Assigned task ▸ In the listing below, find the line with "Math symbols in" and the line with "NPT High Pressure", then return them and every line between them exactly, minus the pictures.

Supplied data ▸
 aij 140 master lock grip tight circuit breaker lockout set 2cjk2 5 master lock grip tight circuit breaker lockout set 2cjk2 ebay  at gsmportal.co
==
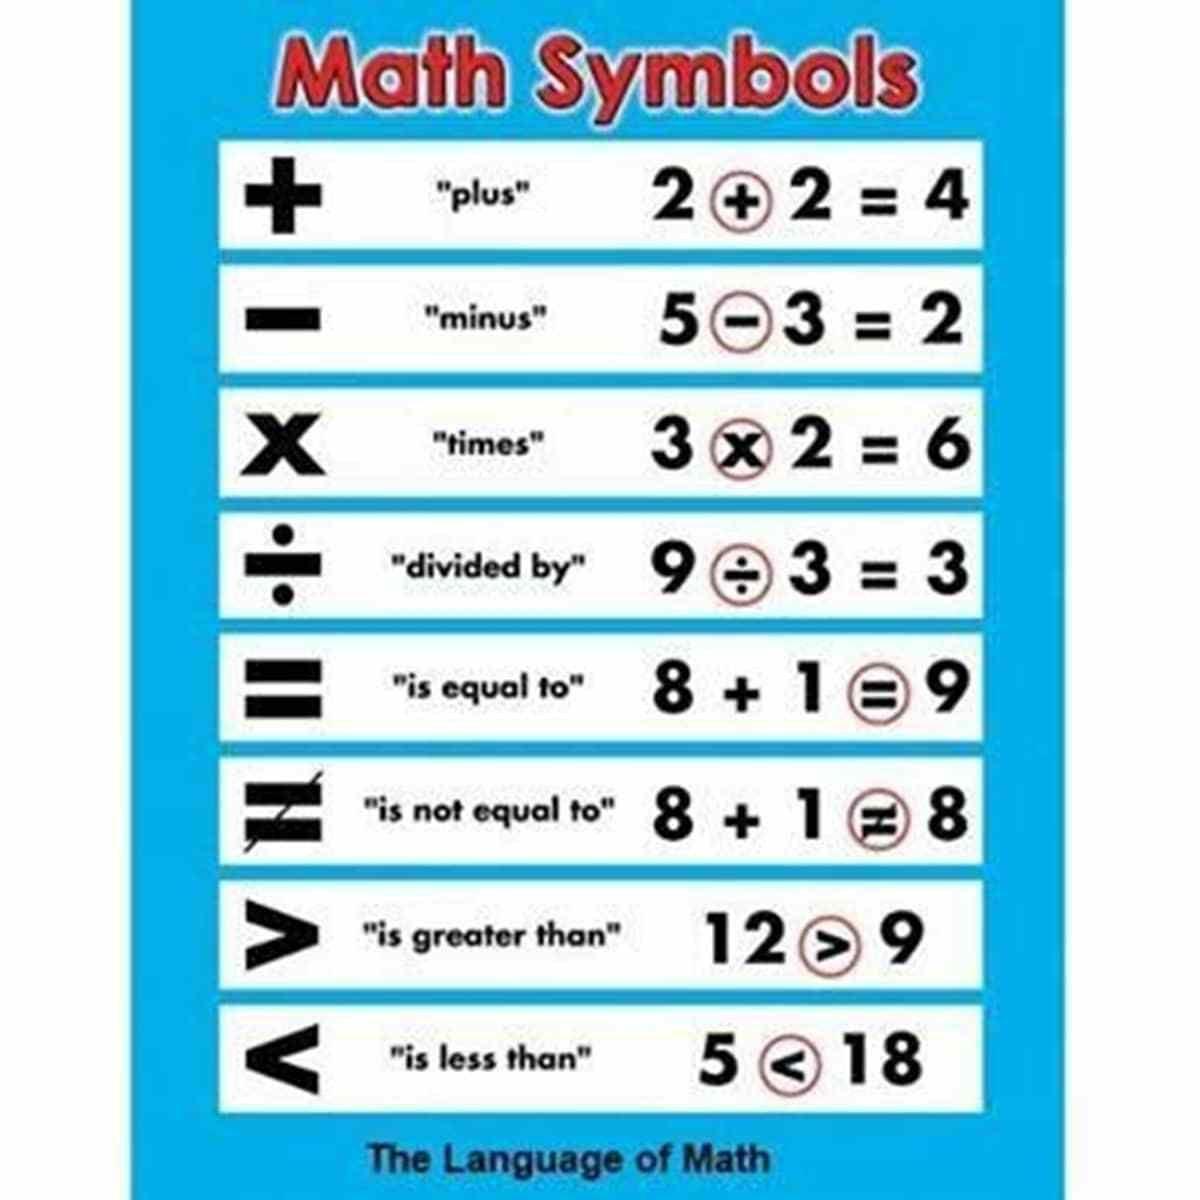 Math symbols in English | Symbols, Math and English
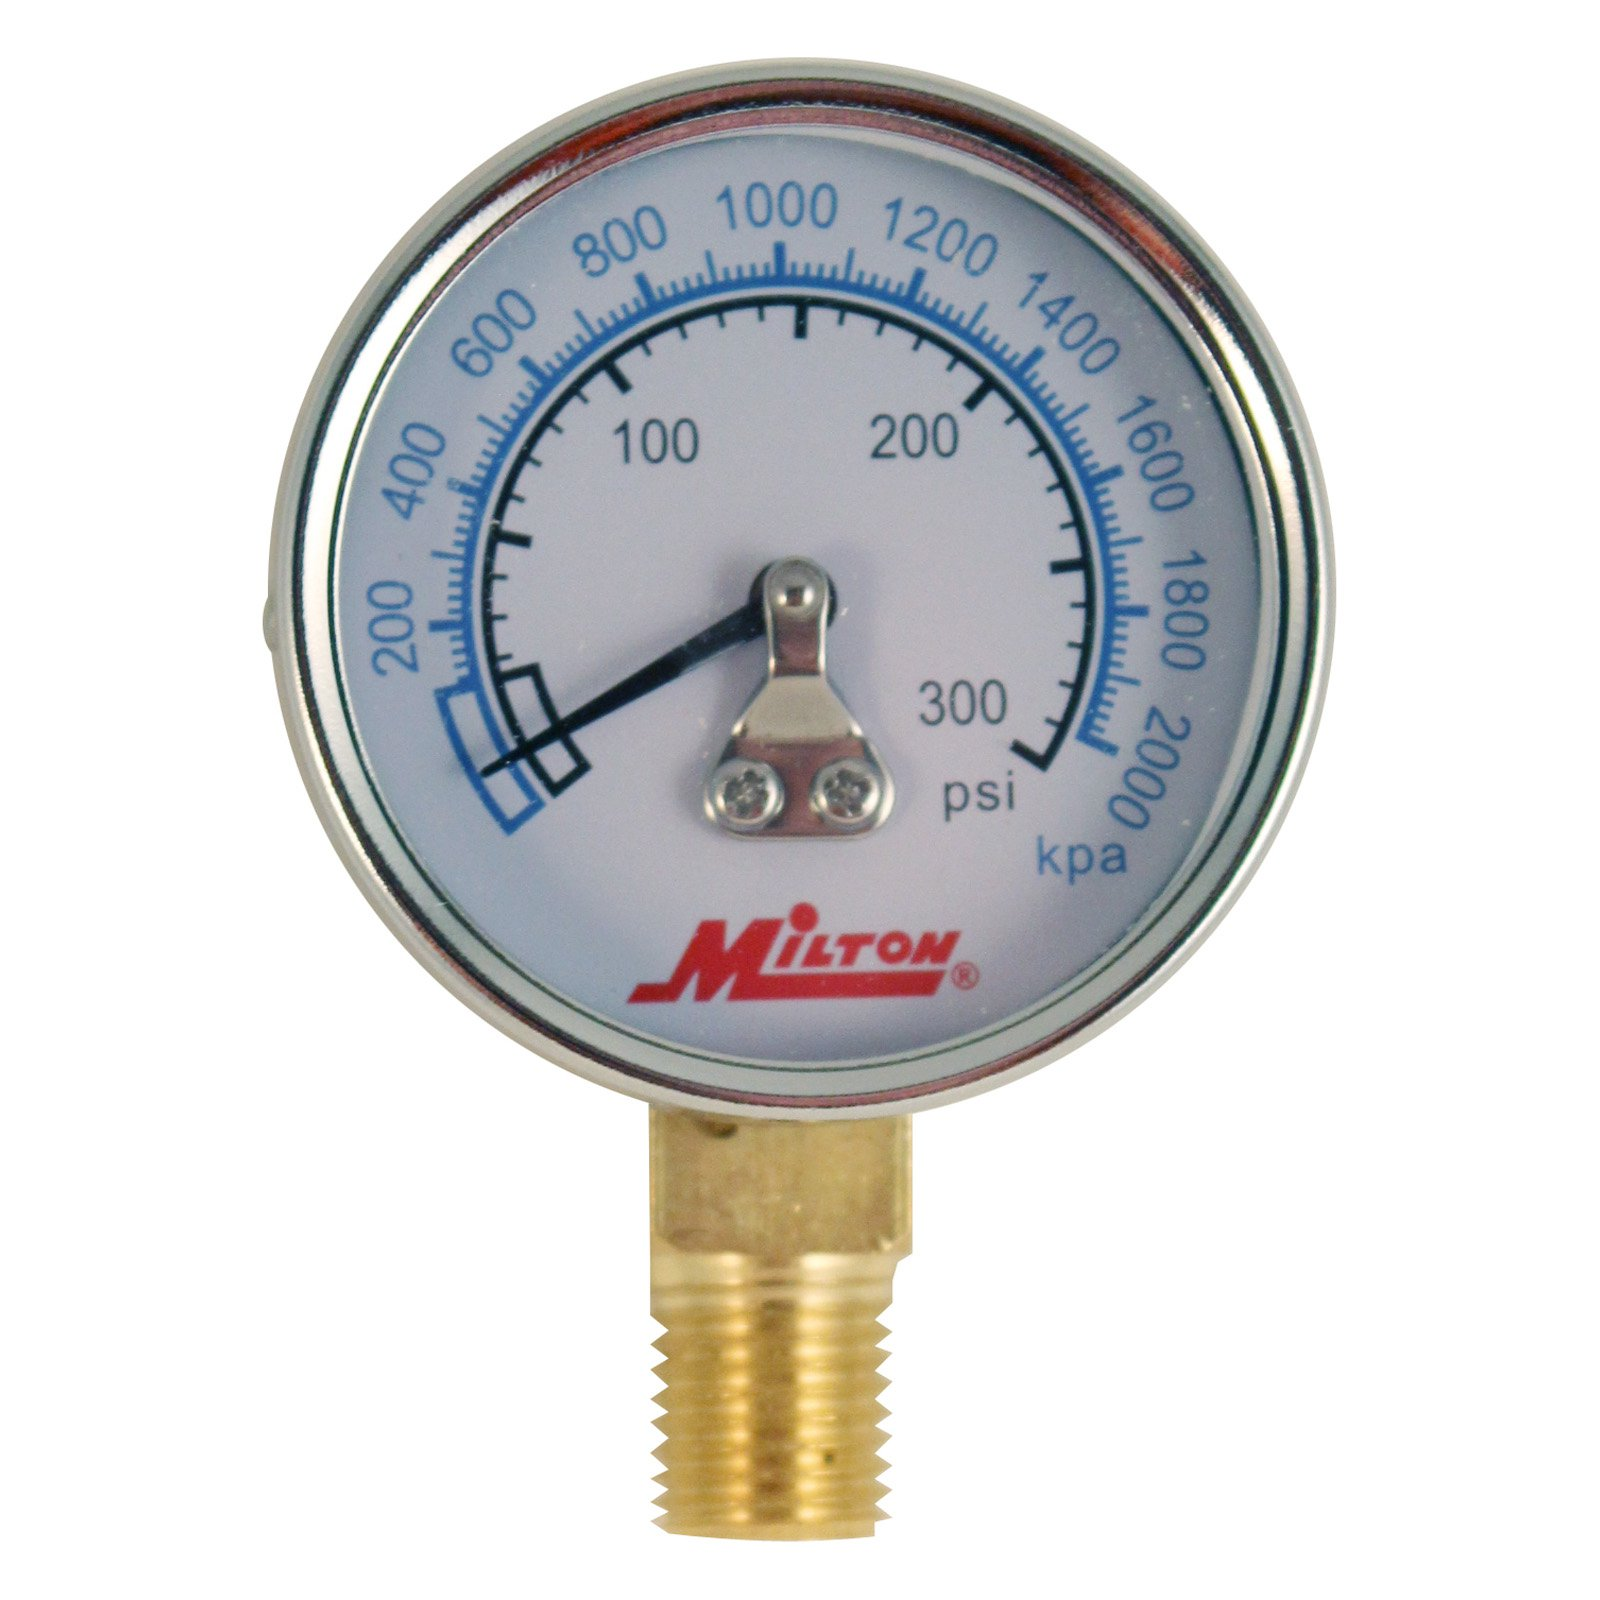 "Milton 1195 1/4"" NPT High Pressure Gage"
--
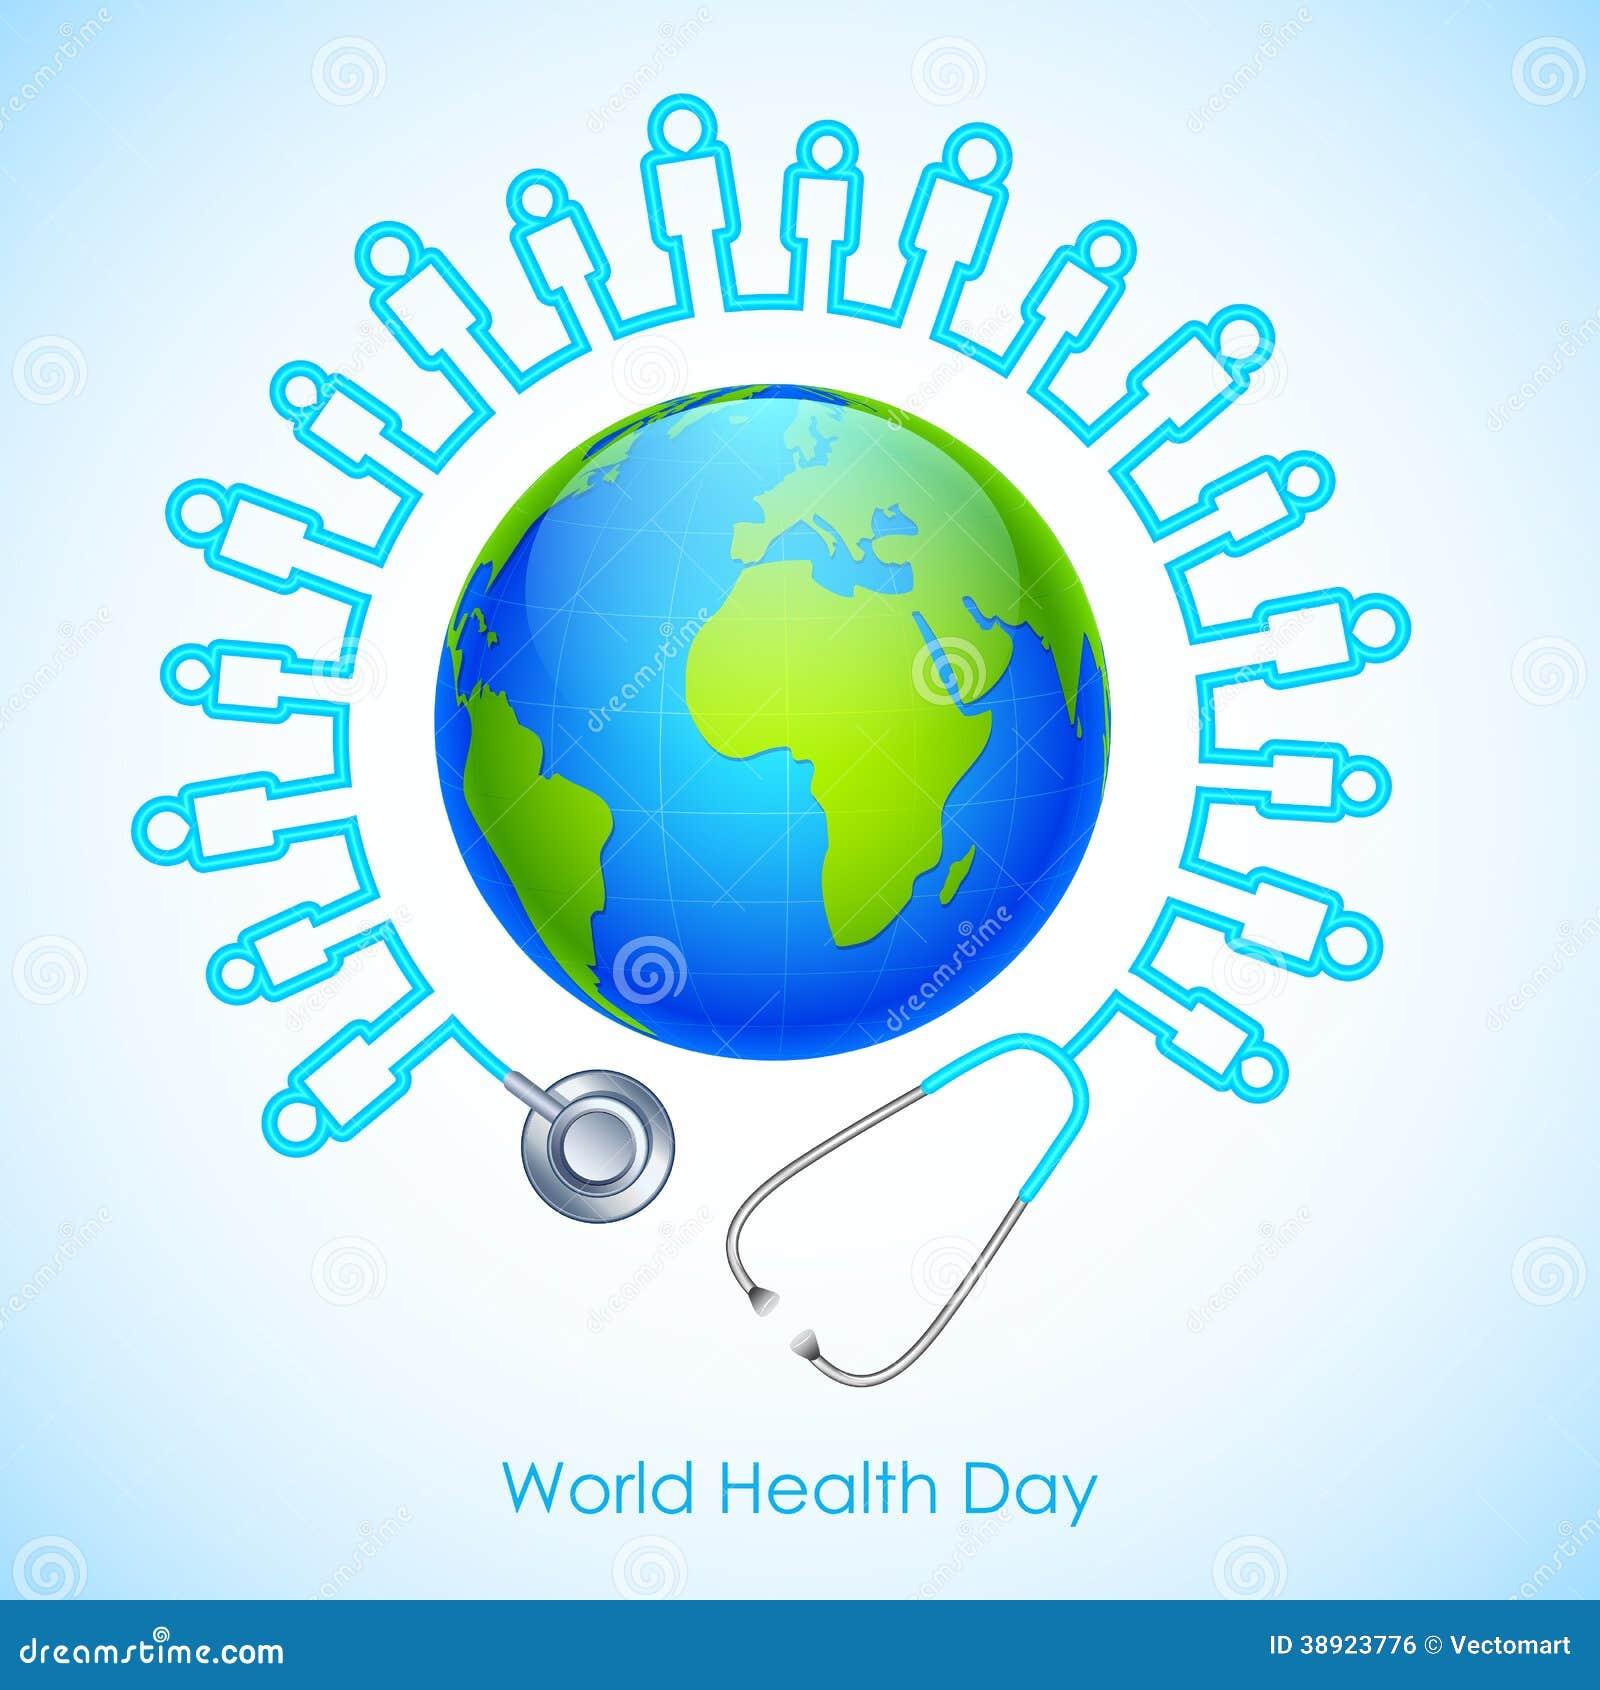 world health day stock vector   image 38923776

Task response ▸
 Math symbols in English | Symbols, Math and English
 "Milton 1195 1/4"" NPT High Pressure Gage"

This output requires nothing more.